EXERCISE REQUIREMENTS:
Copy down the listing below exactly. Do not include pictures.

DATA EXCERPT:
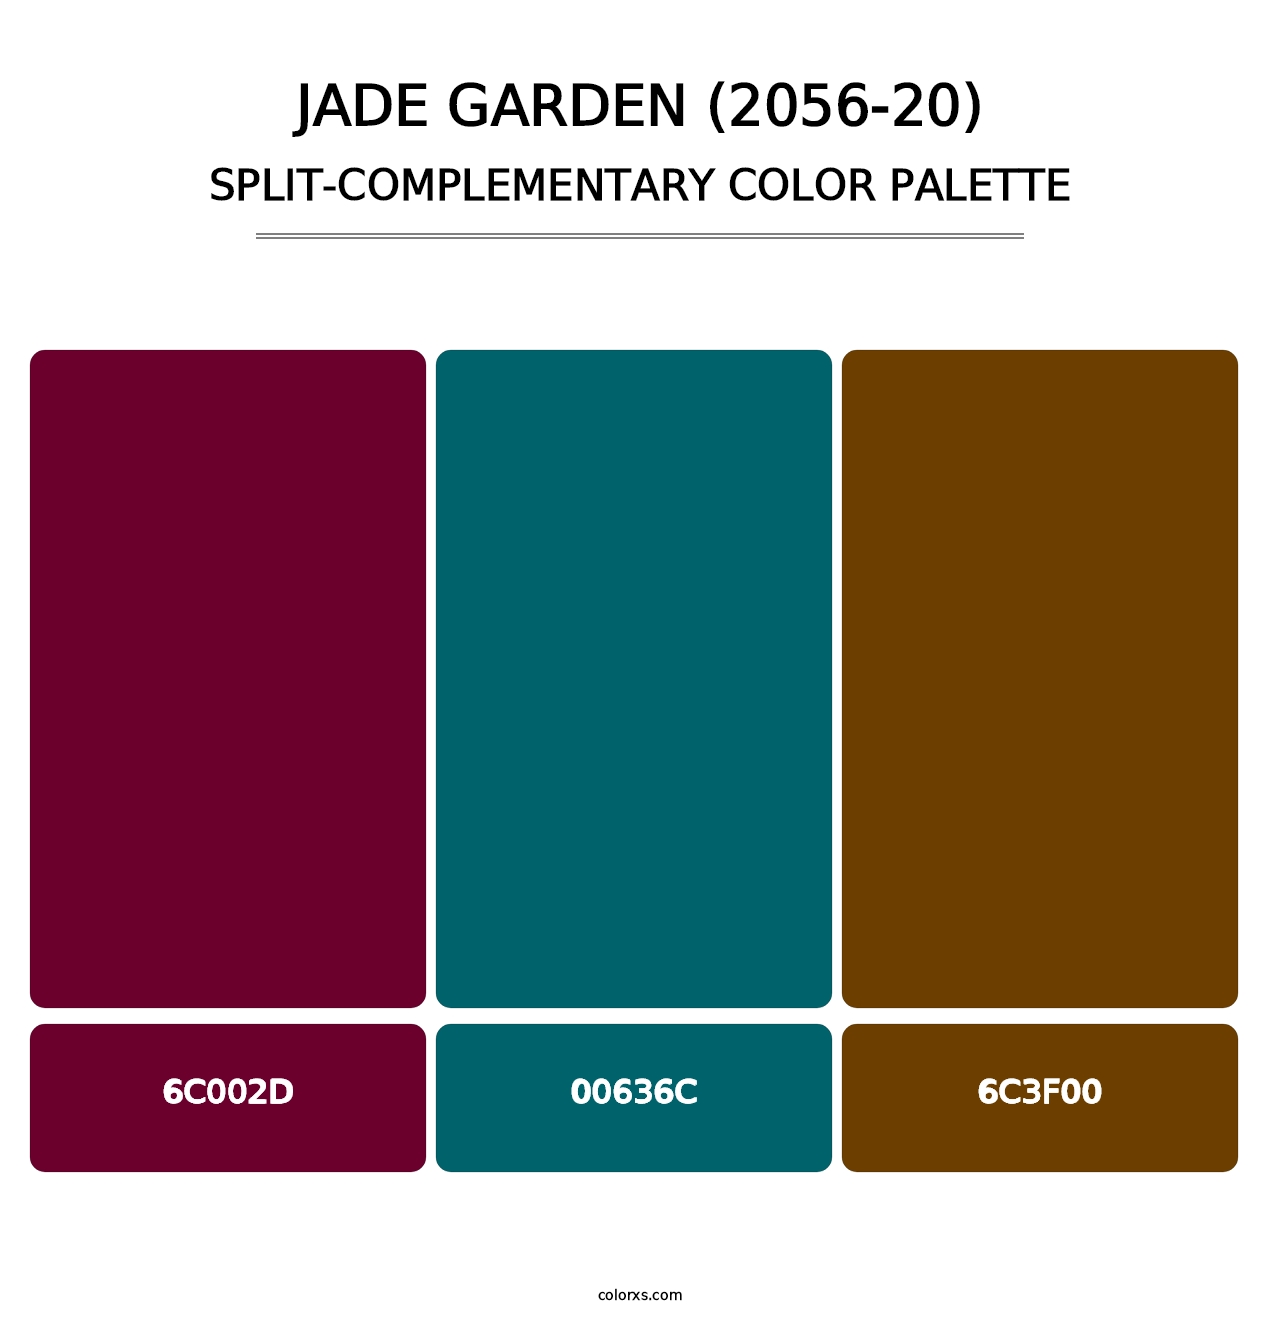 Jade Garden (2056-20) - Split-Complementary Color Palette
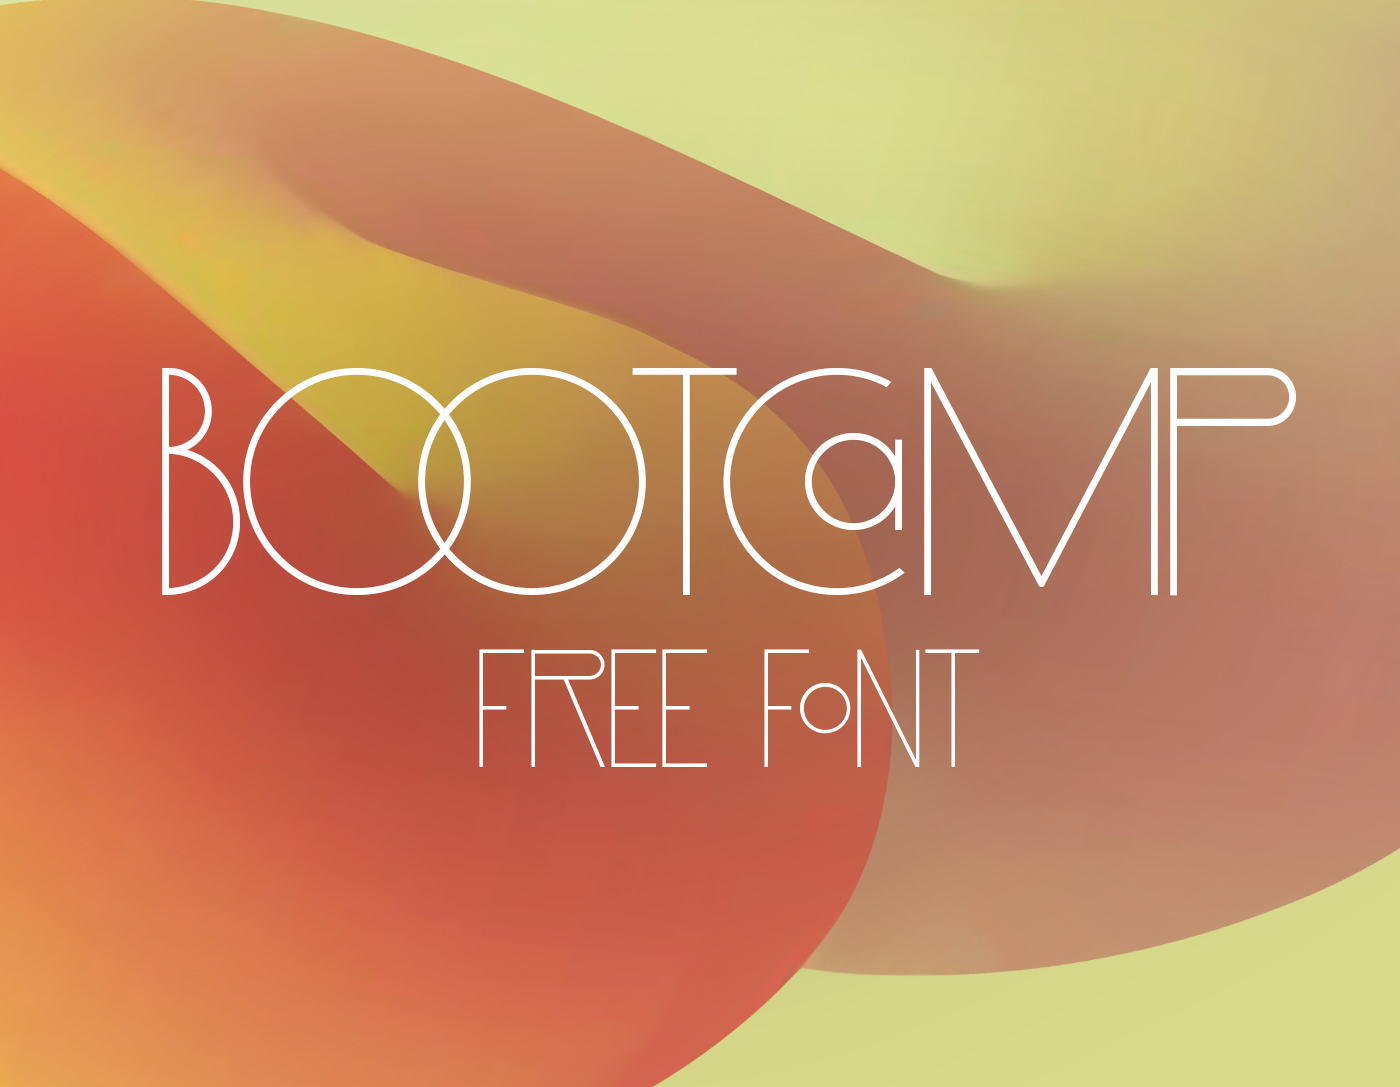 Bootcamp font
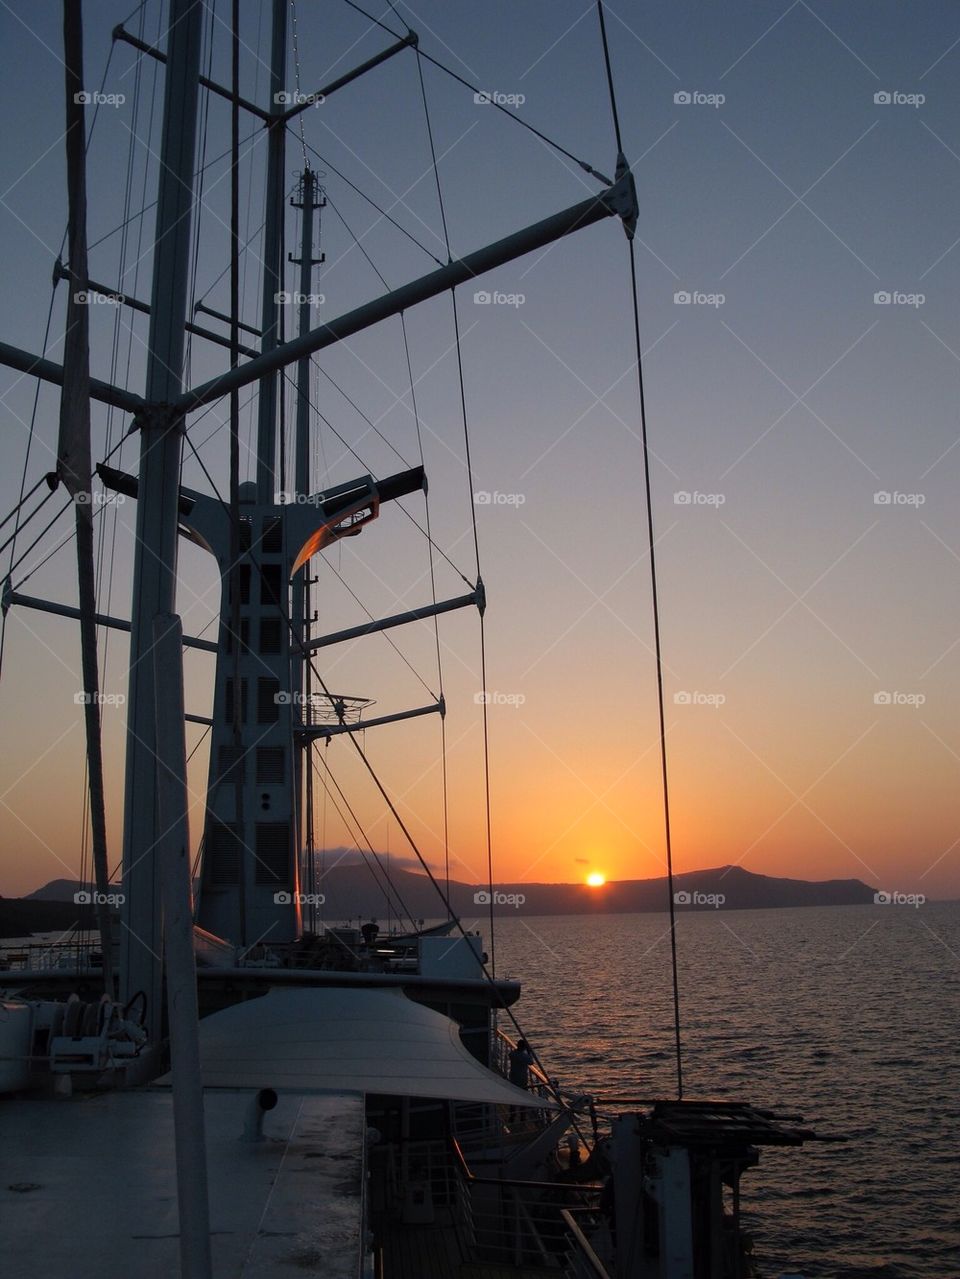 Windstar greek sunset
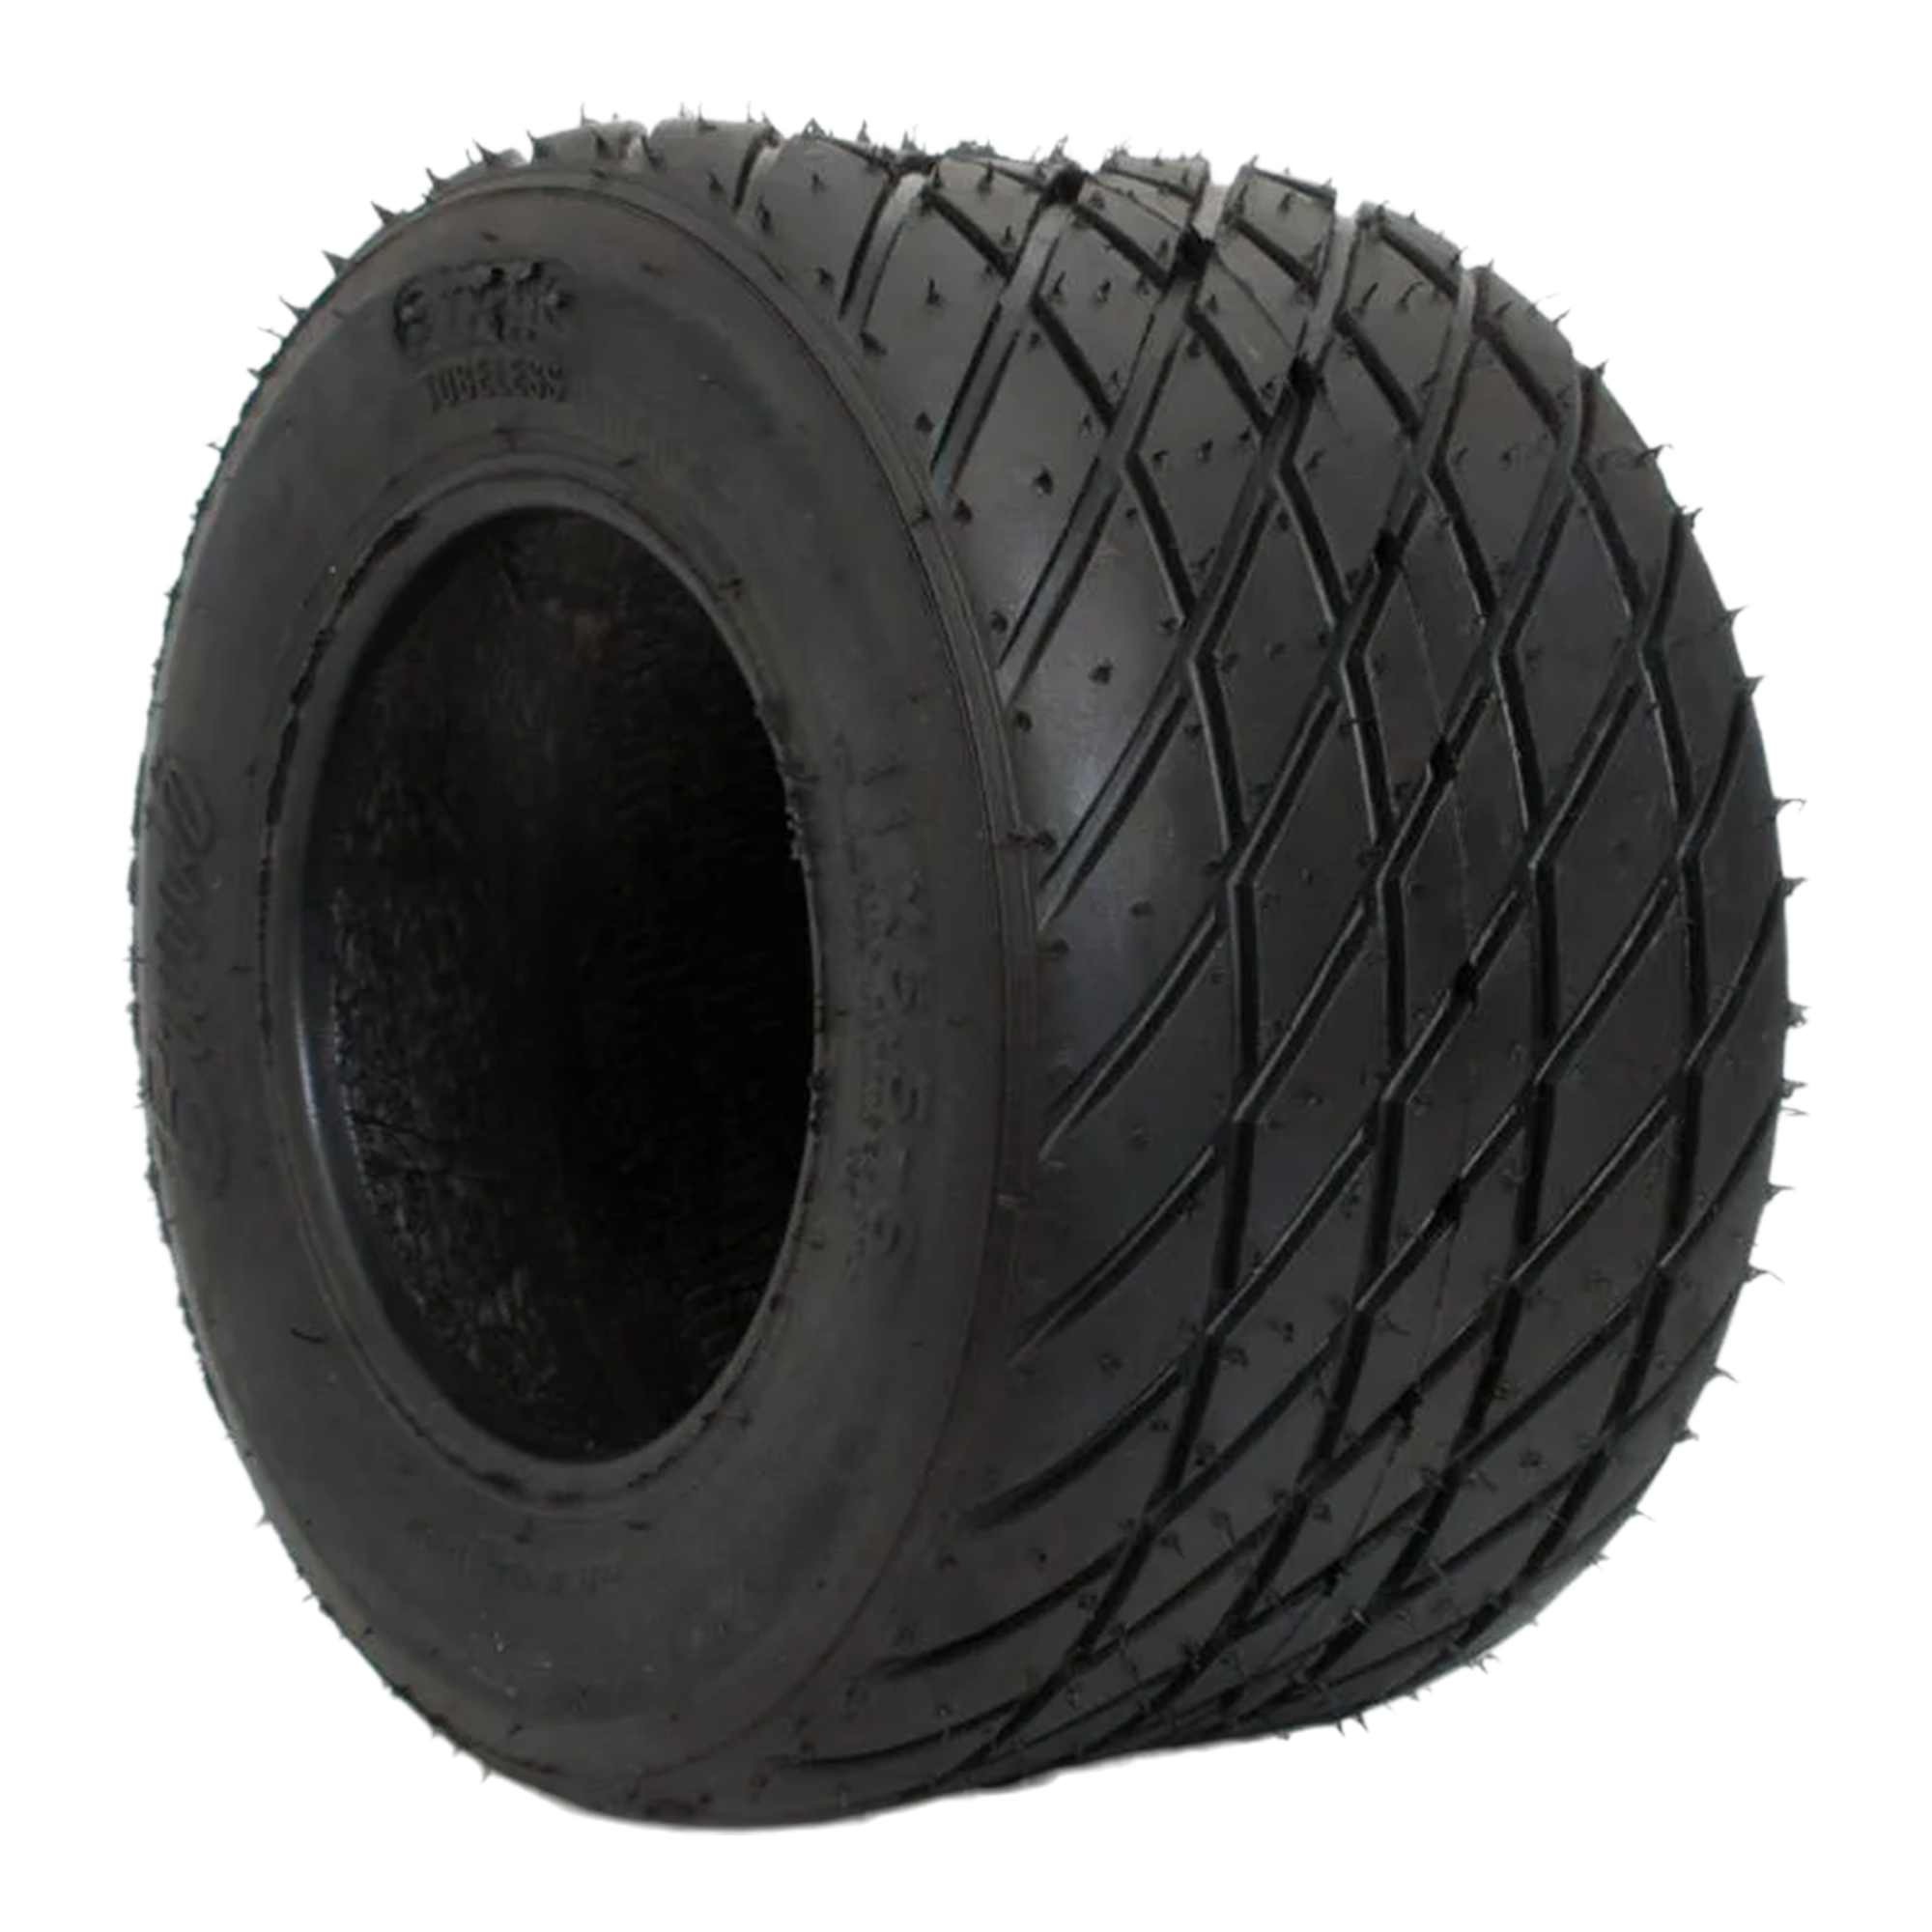 Burris Grooved Dirt Tires

SOLUTION TO THE PROBLEM:
 Jade Garden (2056-20) - Split-Complementary Color Palette
 Bootcamp font
 Windstar greek sunset
 Burris Grooved Dirt Tires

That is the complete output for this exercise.